= TASK INPUTS =

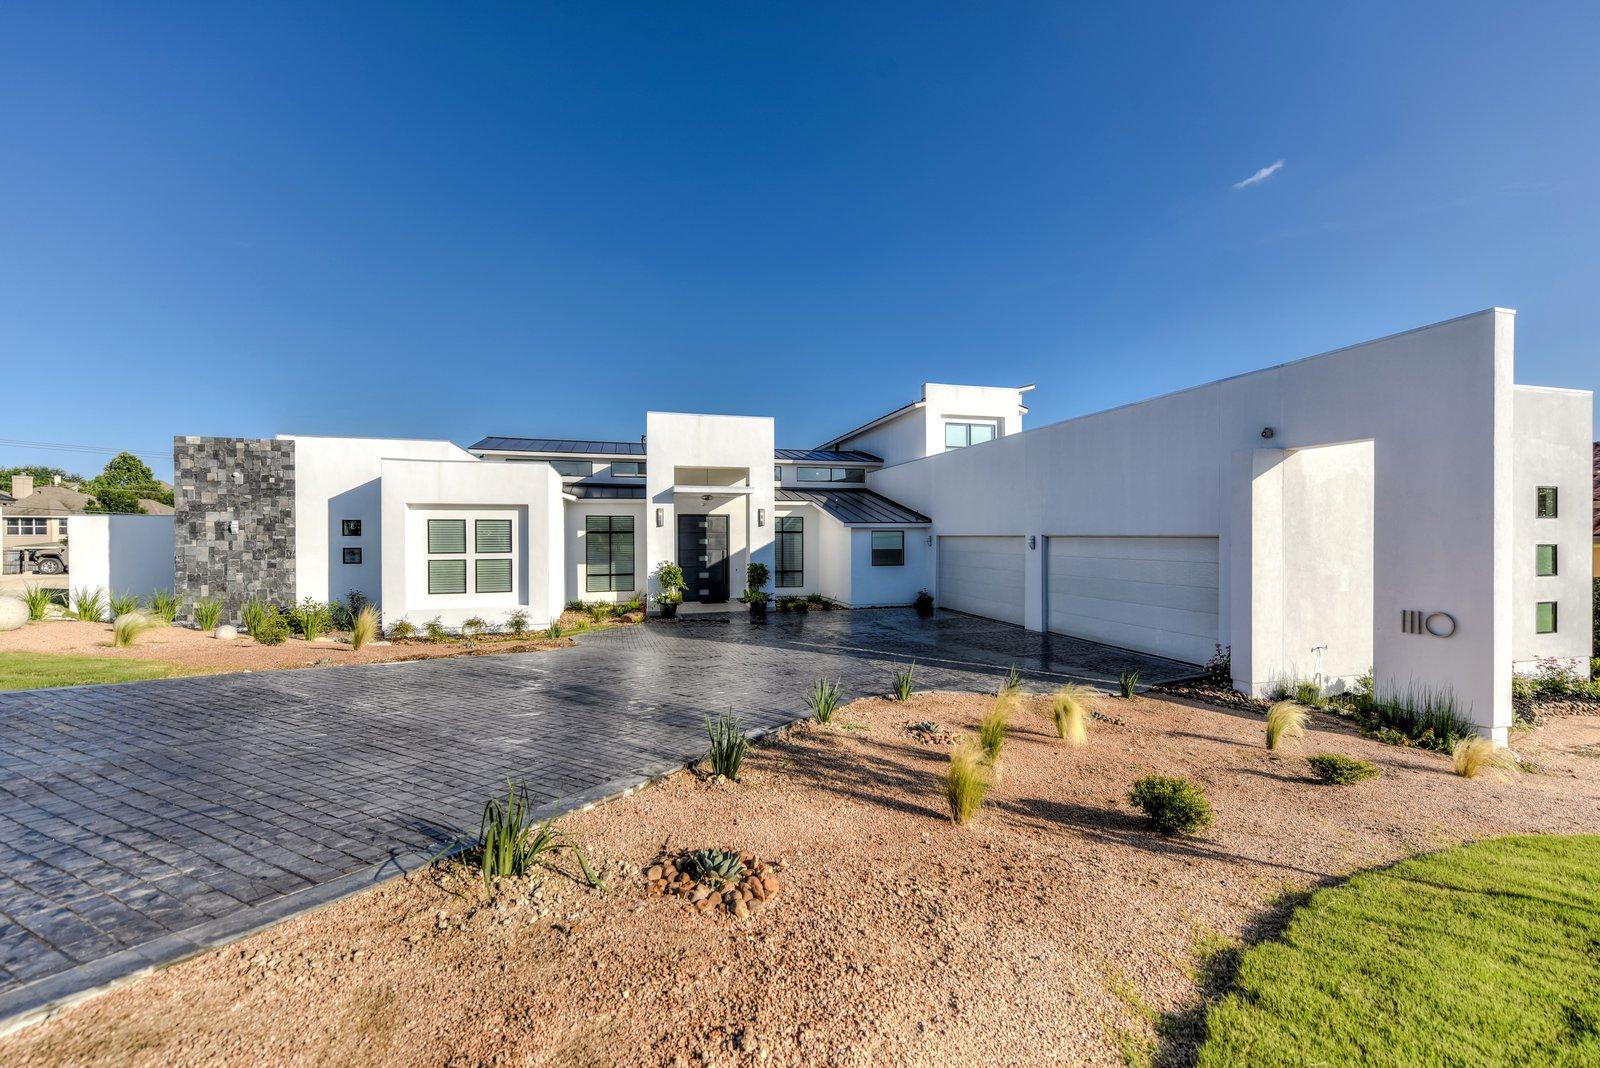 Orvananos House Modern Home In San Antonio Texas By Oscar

--

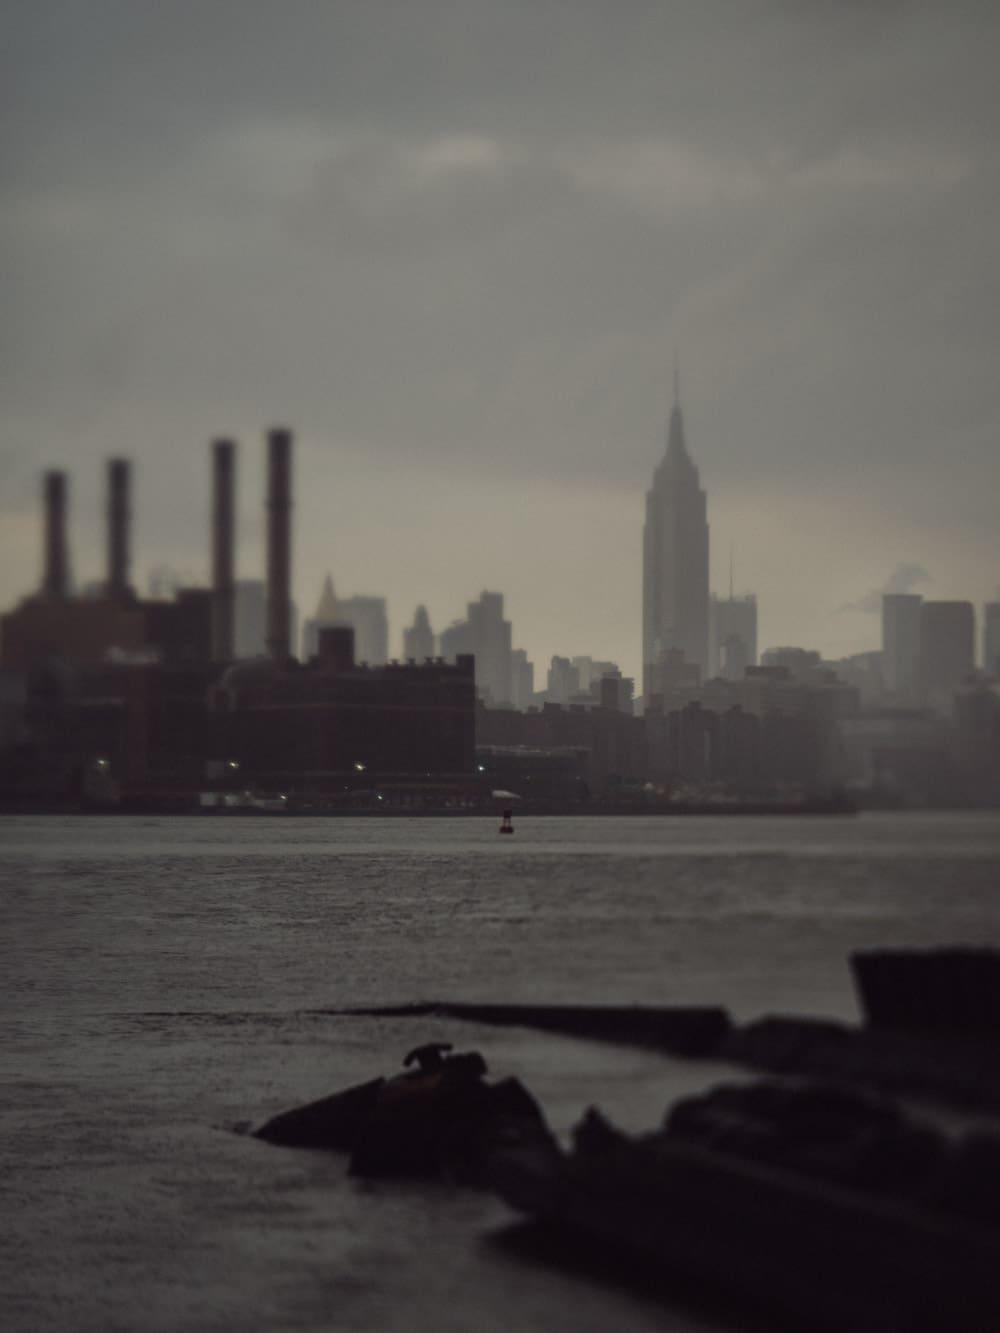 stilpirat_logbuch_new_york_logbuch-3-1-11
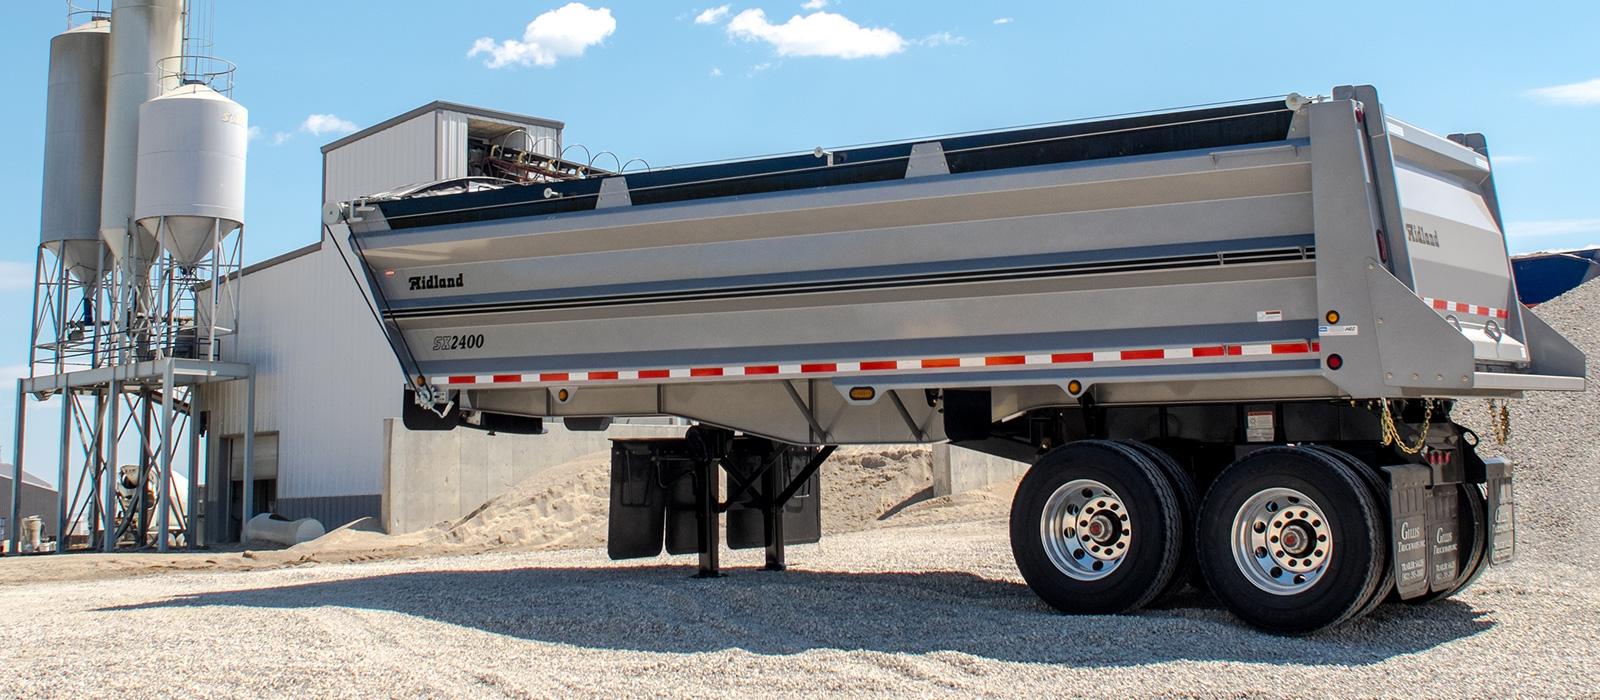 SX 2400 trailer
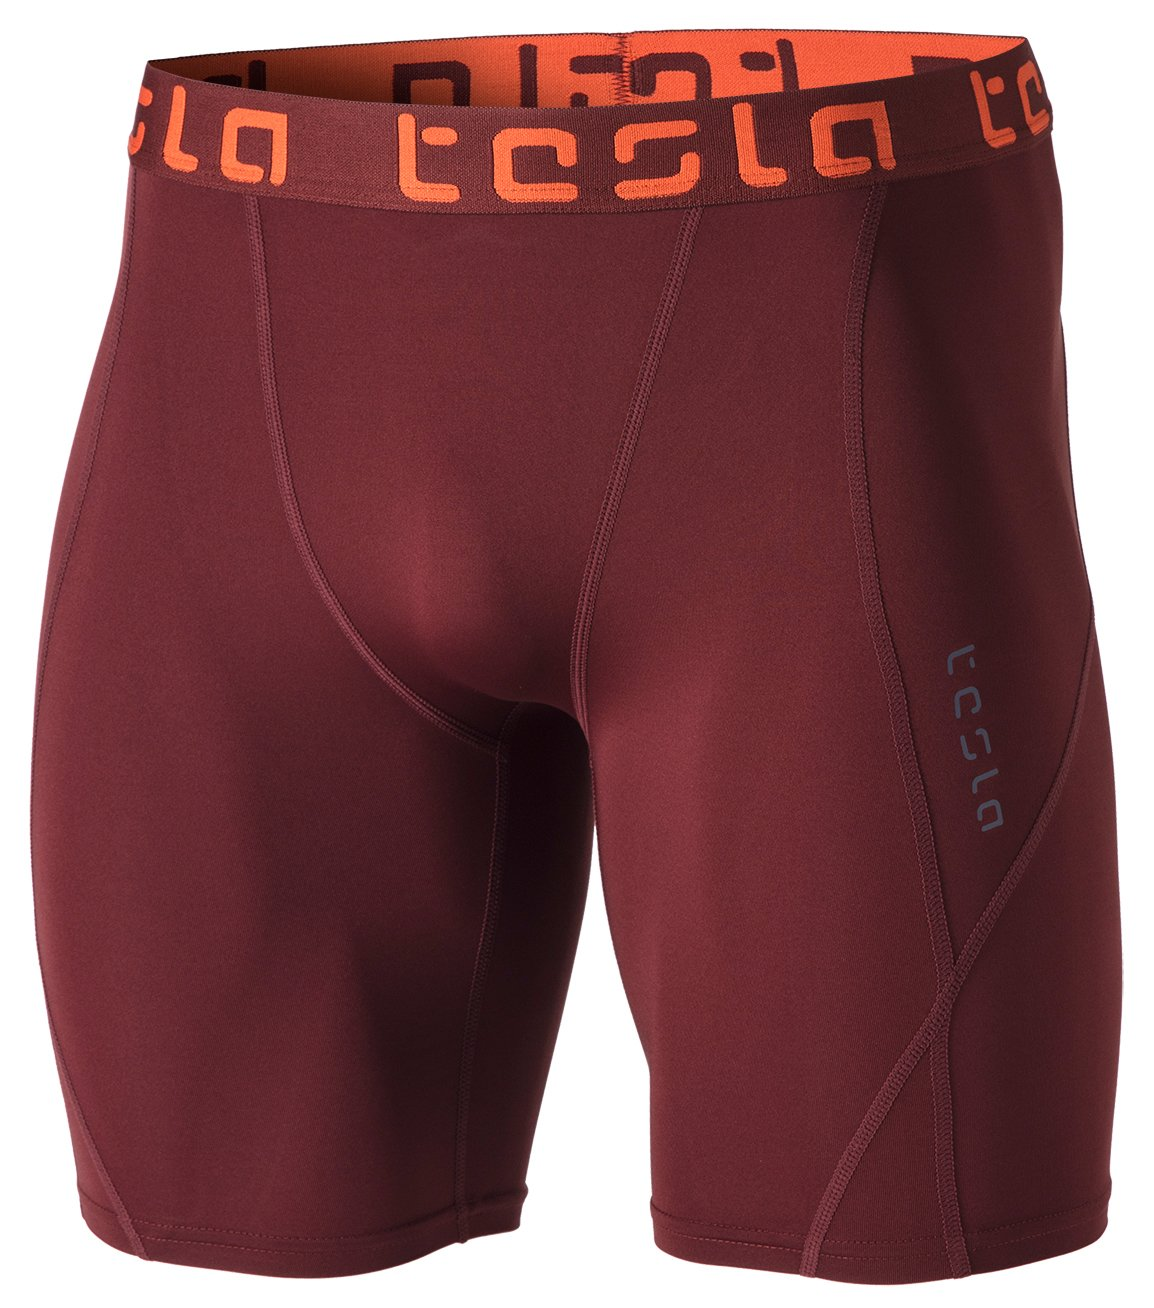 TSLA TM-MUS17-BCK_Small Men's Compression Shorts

* * *

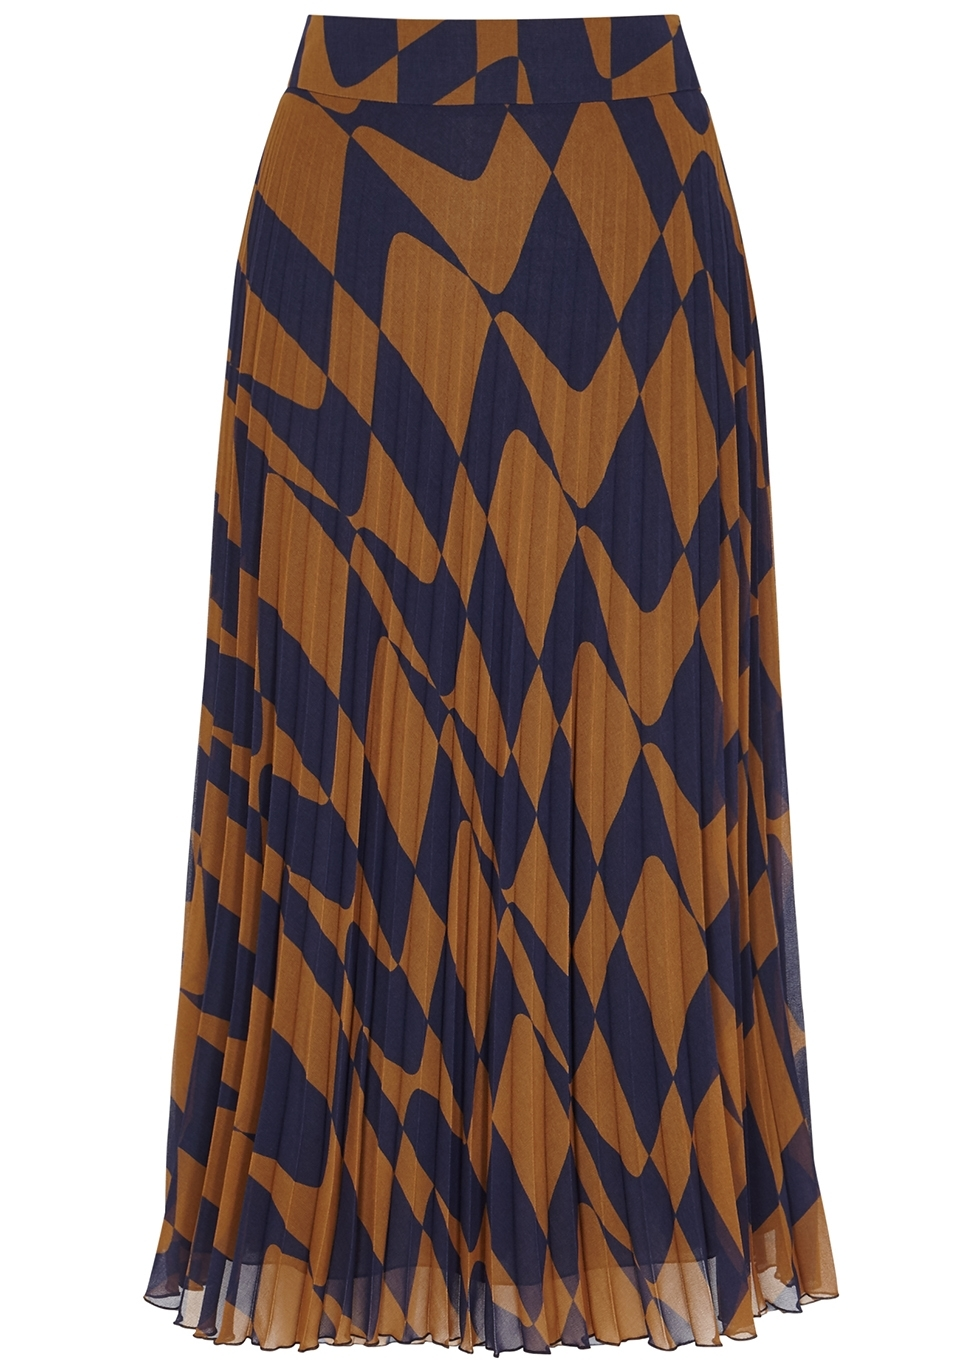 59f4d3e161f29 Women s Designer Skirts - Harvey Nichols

= EXERCISE DETAILS =
Your answer should consist of the lines above between those holding "SX 2400 trailer" and "TSLA TM-MUS17-BCK_Small Men's", inclusive, reproduced word for word and without pictures.

= TASK SOLUTION =
 SX 2400 trailer
 TSLA TM-MUS17-BCK_Small Men's Compression Shorts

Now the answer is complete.